* DATASET SECTION:
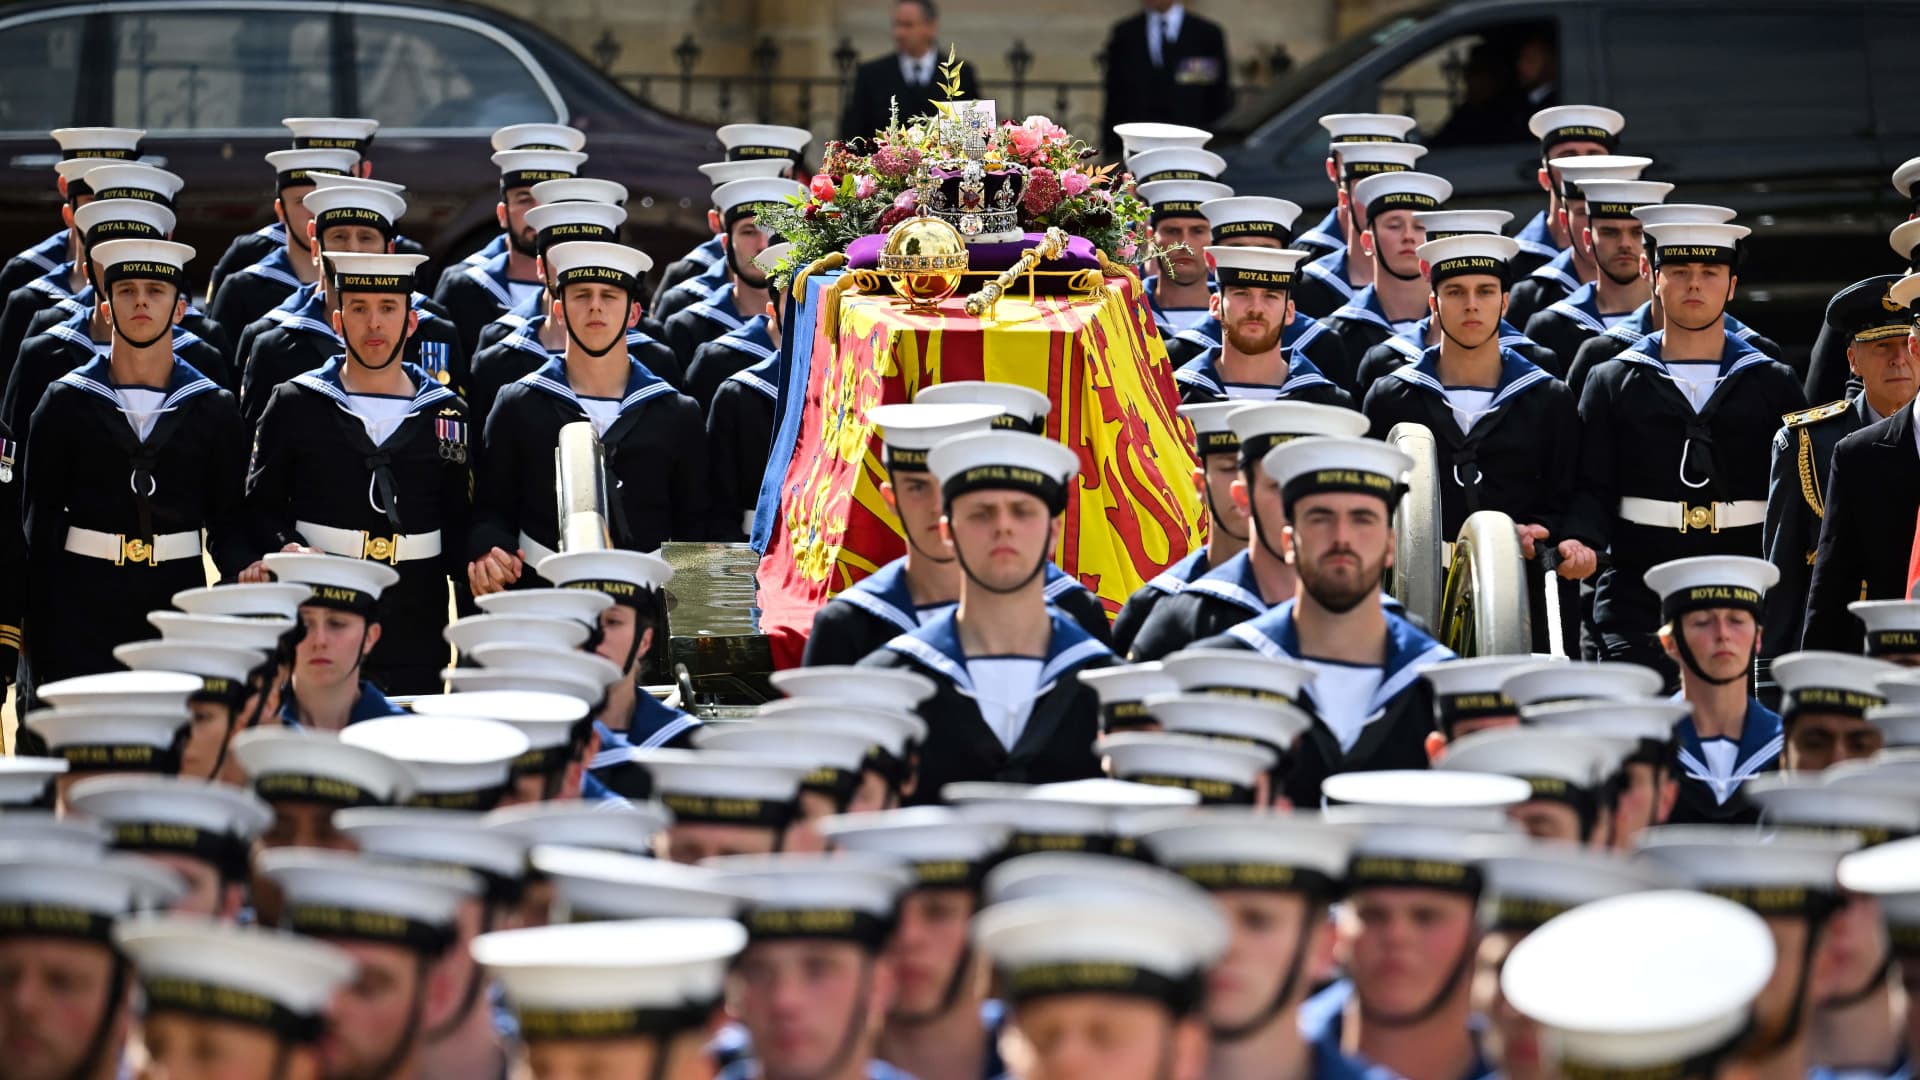 Royal Navy Sailors walk ahead and behind the coffin of Queen Elizabeth II, draped in the Royal Standard, as it travels on the State Gun Carriage of the Royal Navy from Westminster Abbey to Wellington Arch in London on September 19, 2022, after the State Funeral Service of Britain's Queen Elizabeth II.
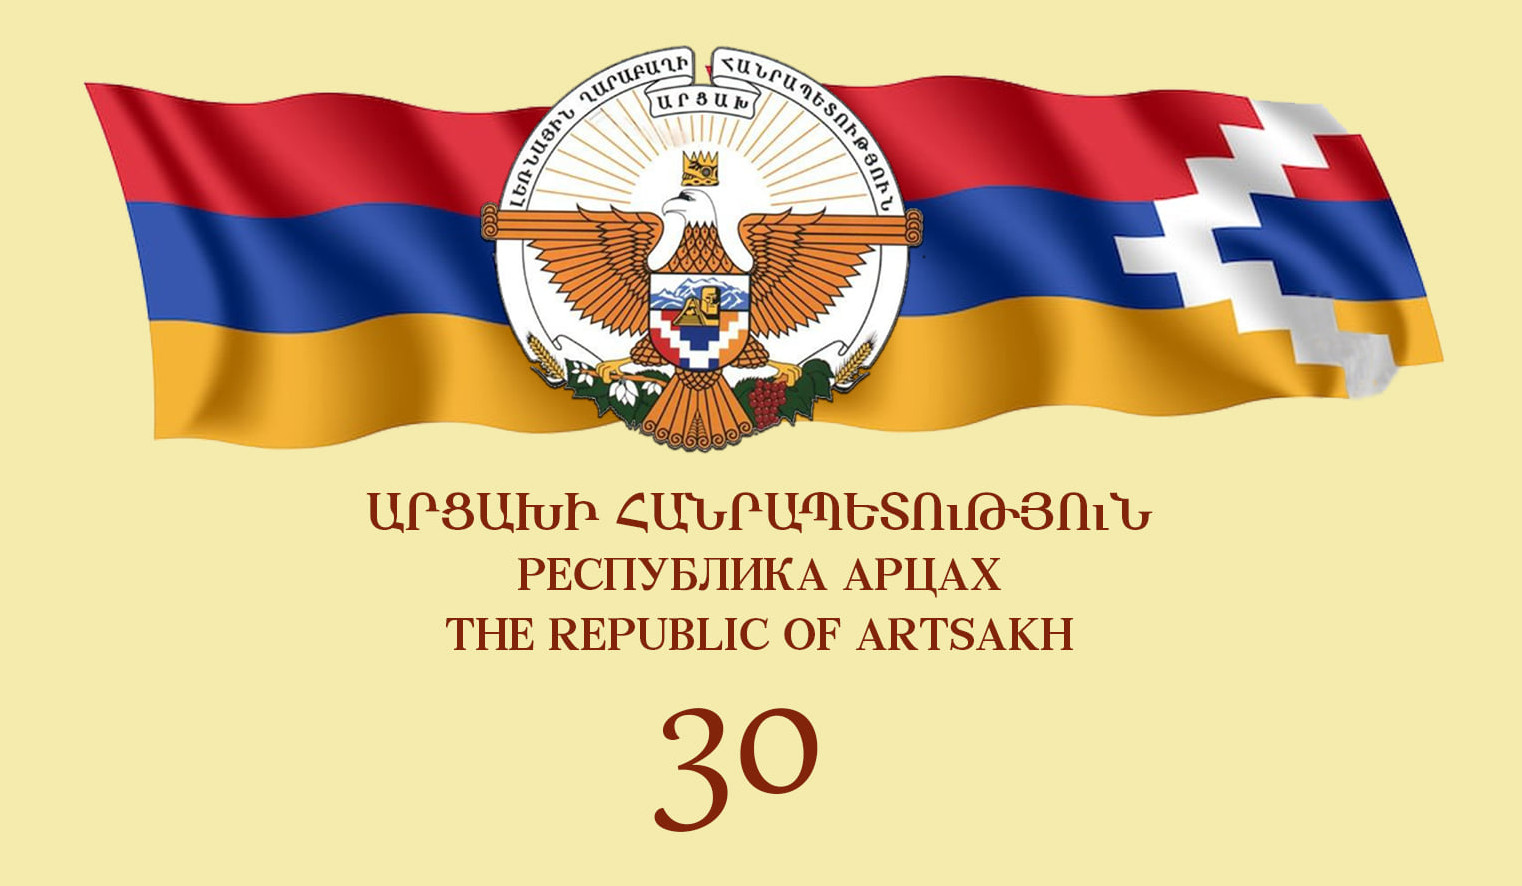 Adoption of 2 September 1991 declaration on proclamation of republic became one of key milestones in struggle for national liberation of Armenians of Artsakh: Ministry of Foreign Affairs of Artsakh
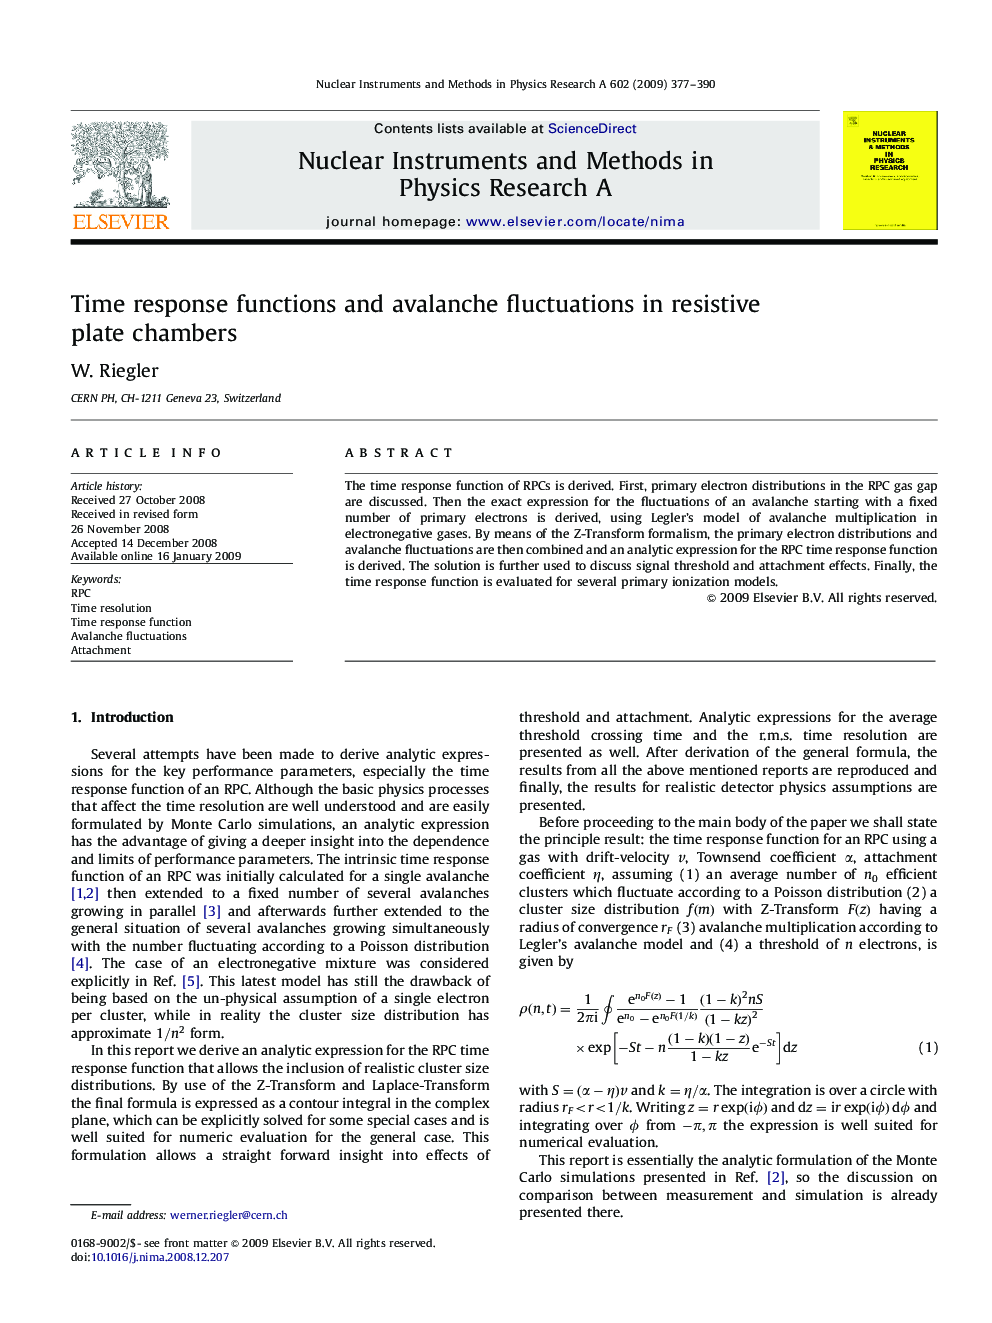 Time response functions and avalanche fluctuations in resistive plate chambers

* WHAT NEEDS TO BE DONE: Take the listing above and retype it exactly. Its pictures are to be omitted.

* OUTPUT BELOW:
 Royal Navy Sailors walk ahead and behind the coffin of Queen Elizabeth II, draped in the Royal Standard, as it travels on the State Gun Carriage of the Royal Navy from Westminster Abbey to Wellington Arch in London on September 19, 2022, after the State Funeral Service of Britain's Queen Elizabeth II.
 Adoption of 2 September 1991 declaration on proclamation of republic became one of key milestones in struggle for national liberation of Armenians of Artsakh: Ministry of Foreign Affairs of Artsakh
 Time response functions and avalanche fluctuations in resistive plate chambers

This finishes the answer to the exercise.